Mother's Day is a time when many of us bring out our keepsakes -- cherished family photos, carefully preserved letters, perhaps a ring or a necklace that's been handed down over the years. These are the tokens we use to construct our personal histories.
But Mother's Day is also a good time to look at other sorts of items -- the kind that allow us to construct the history of a whole society. We can piece together the lives led by many thousands of people, who were much like us and yet very different. And so I've been looking over a keepsake left behind by a Dutch wife and mother in 17th-century New York.
What do we know about Margrieta van Varick? That she kept a textile shop in Flatbush (now Brooklyn); that she died a widow in 1695, before reaching the age of 50; and that she left behind two daughters and two sons. They were Johanna (13), Marinus (nine), Rudolphus (five) and Cornelia (three). She must have cared about them deeply, because we also know exactly what she bequeathed to them.

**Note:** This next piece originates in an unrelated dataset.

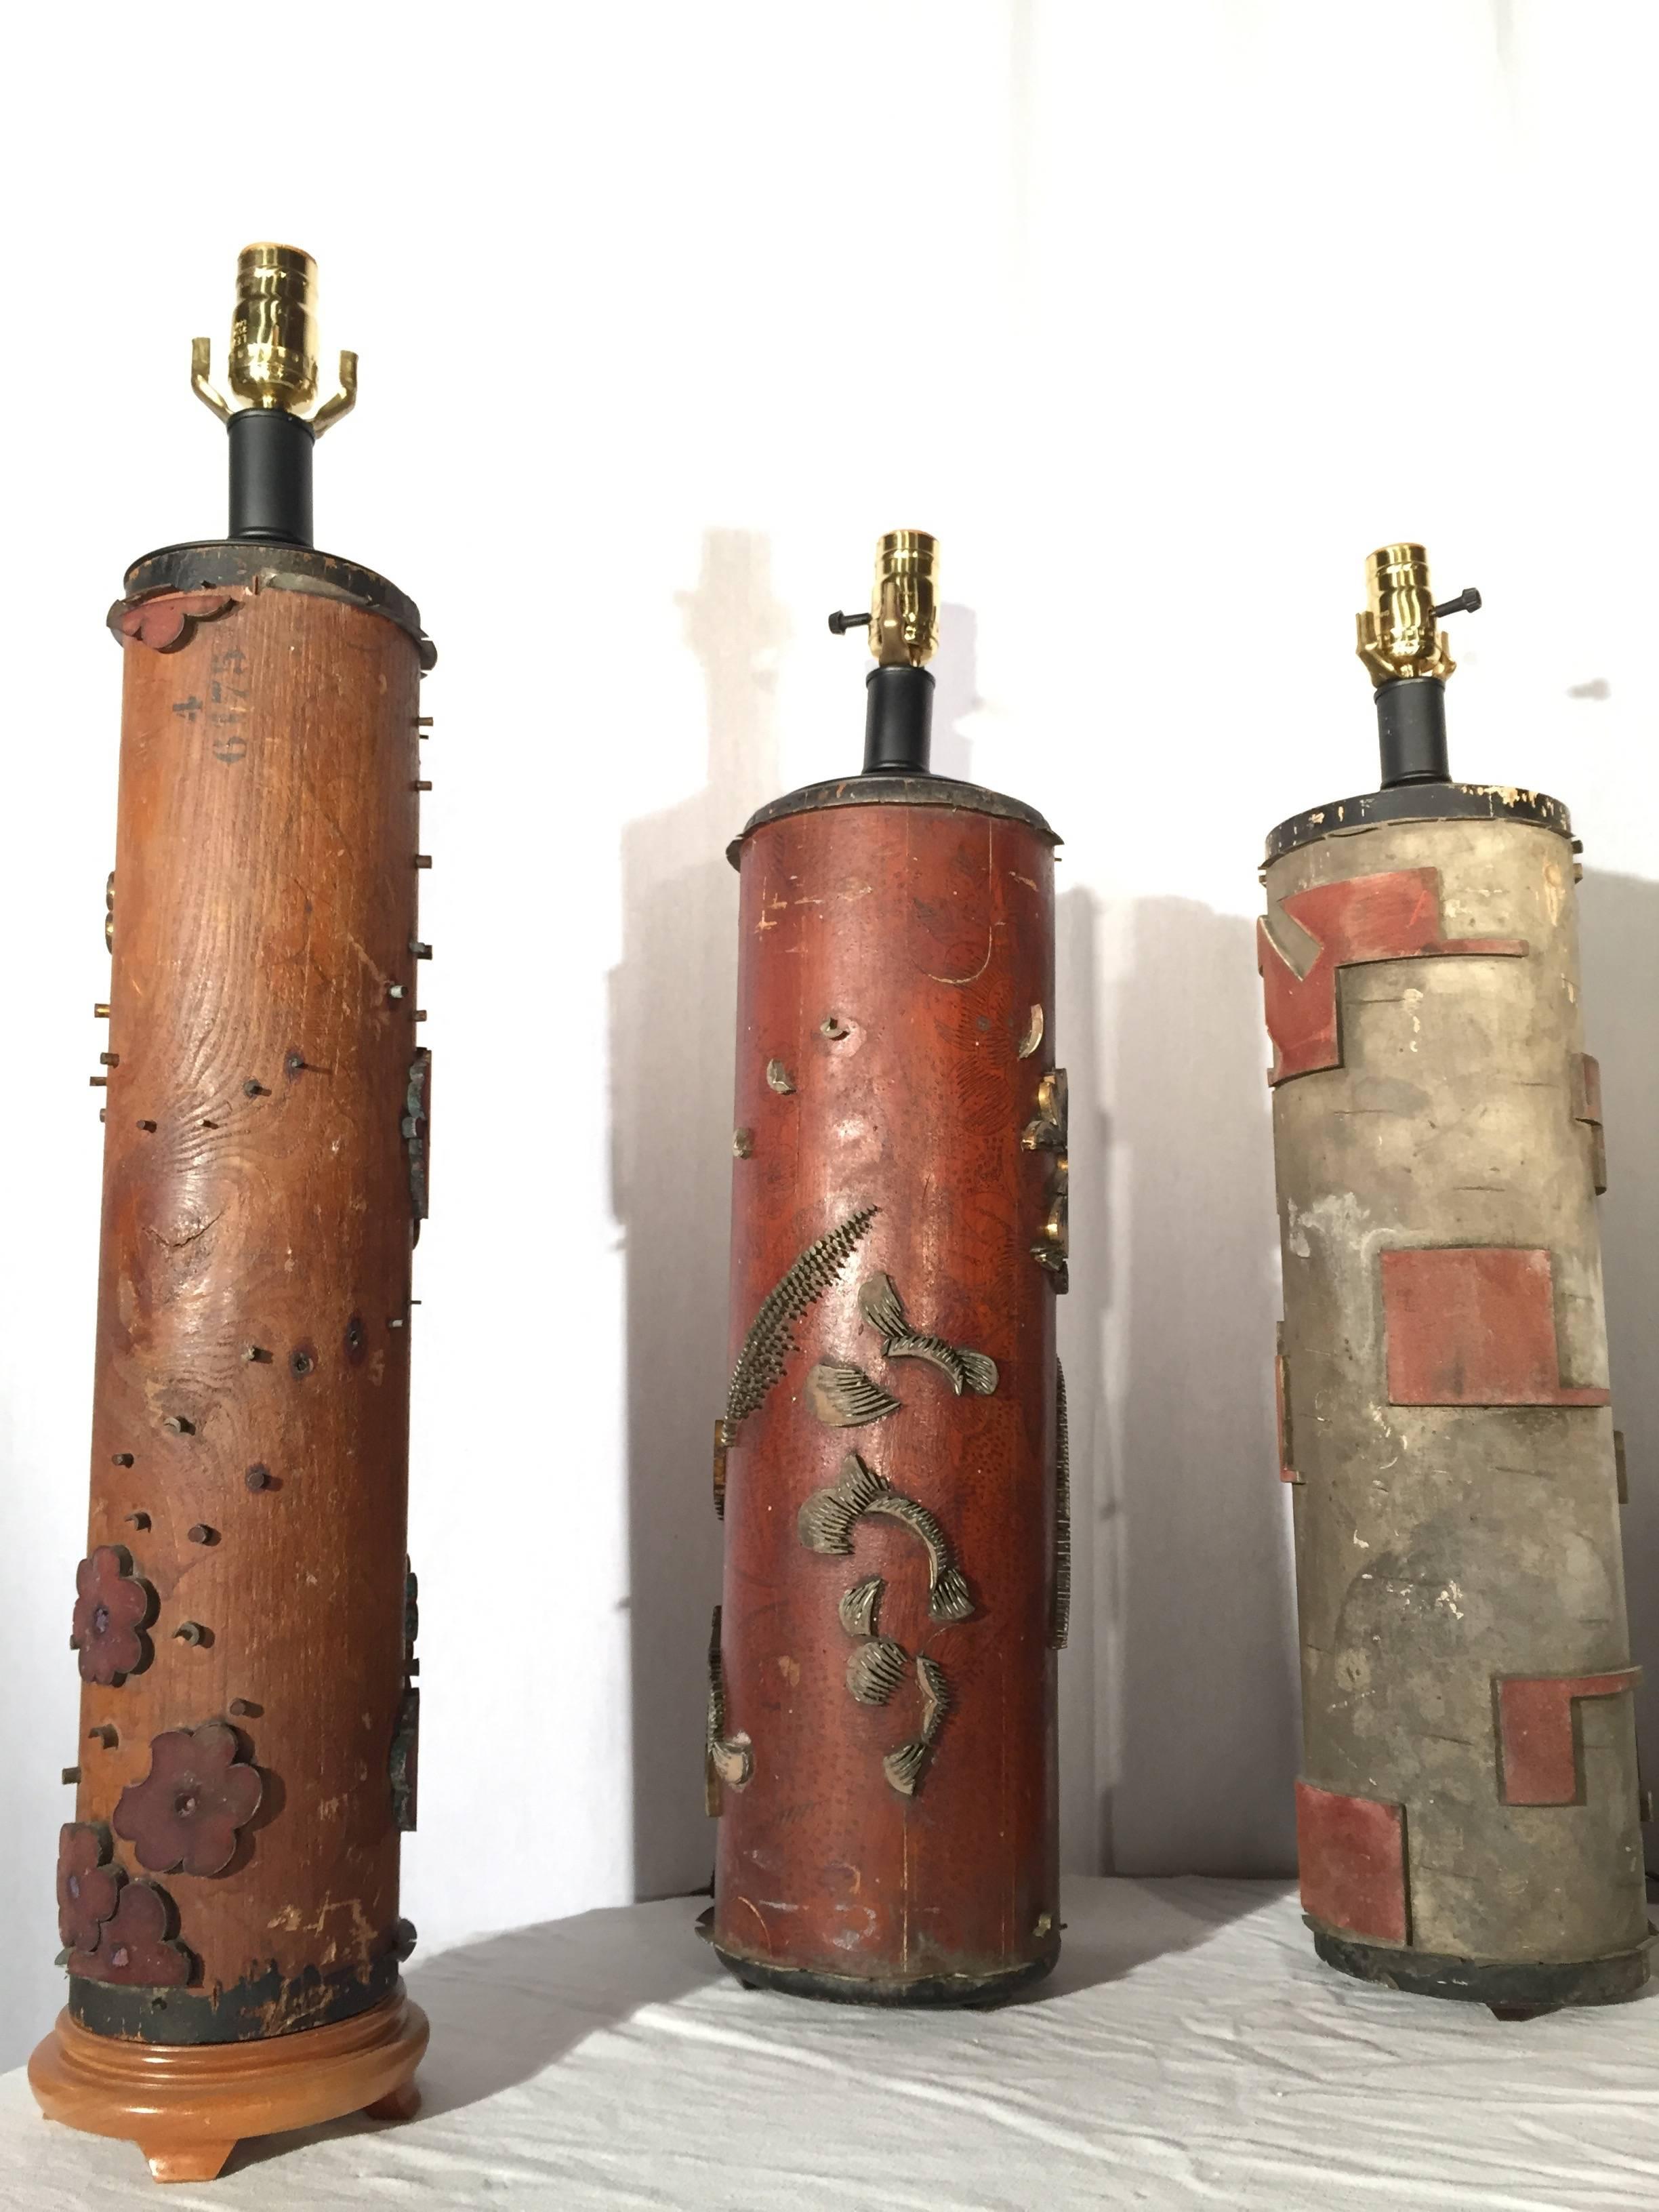 When wallpaper is printed by hand, separate rollers are made to each imprint a different color on the background. These vintage rollers from the 1930s are truly unusual and make great lamps that complement almost any decor. Ranging in height from

In addition to setting aside gifts for her children, which she wrapped in a napkin, Margrieta left behind 31 items of clothing or bedding suitable for babies or children, along with clothing and household linens meant for her daughters when they grew older. She directed that her holdings of unusual silk and cotton goods and exceptional silver and porcelain be passed on as heirlooms for future generations. And she ordered that half of her remaining goods be sold to provide funds for her orphaned children. We even know about the toys she carefully distributed among Johanna, Marinus, Rudolphus and Cornelia -- silver toys, which she had guarded for years.
How can we reconstruct so much of the texture of the life of a woman who died more than 300 years ago? How can we understand so precisely what motherhood meant to her? We can do it because the Library of the New-York Historical Society contains a remarkable inventory of her worldly possessions -- more than 2,000 items in all -- drawn up in 1696 so that her will could be fulfilled.
Before she settled in Flatbush with her husband, a Dutch Reformed minister, Margrieta had traveled the world, going as far as Malacca (now Malaysia). The global breadth of the possessions listed in her inventory is amazing. She had a China basin, an East India silver wrought box, Japanese lacquer boxes, thirteen ebony chairs, Indian textiles, cloth made in Holland. The world revealed to us by Margrieta's inventory has already been the subject of a doctoral dissertation by Marybeth De Filippis and an exhibition co-organized by the New-York Historical Society and the Bard Graduate Center.
And now, keeping with the Mother's Day theme, the Historical Society is preparing to use the Inventory to bring history to life for children, by re-creating the world of her youngest child, Cornelia.
In November 2011, the Historical Society will open its new DiMenna Children's History Museum, where young people will see the past through the eyes of seven historical figures -- including little Cornelia van Varick. A chest displayed in Cornelia's section of the main exhibition will show that the homes of New Yorkers in that era often did not have closets, so goods were stored in trunks. The Islamic markings on the chest will suggest that this item may have come from Southeast Asia, where Cornelia's parents had lived. A silver beaker on view will evoke the ministry of Cornelia's father in Brooklyn's Dutch Reformed Church. There will also be games to play in the exhibition. One such activity will involve needlework, to show that if you needed clothes, sheets or napkins in colonial times, you stitched them yourself, by hand. Another activity will be a game that reveals the presence in little Cornelia's life of global trade, in the form of the Spanish pesos, Arabian sultani, Dutch ducats, Massachusetts shillings and even Indian wampum that the child would have seen being used as money in her mother's shop.
As we celebrate Mother's Day 2011, let's be grateful for the mementos we have from our own mothers, and for the love they keep alive. But let's be grateful as well that the life of a 17th-century mother can open up before our imaginations. We can read the inventory of Margrieta van Varick as a matter-of-fact list of old possessions -- or as a kind of Mother's Day card from three hundred years ago.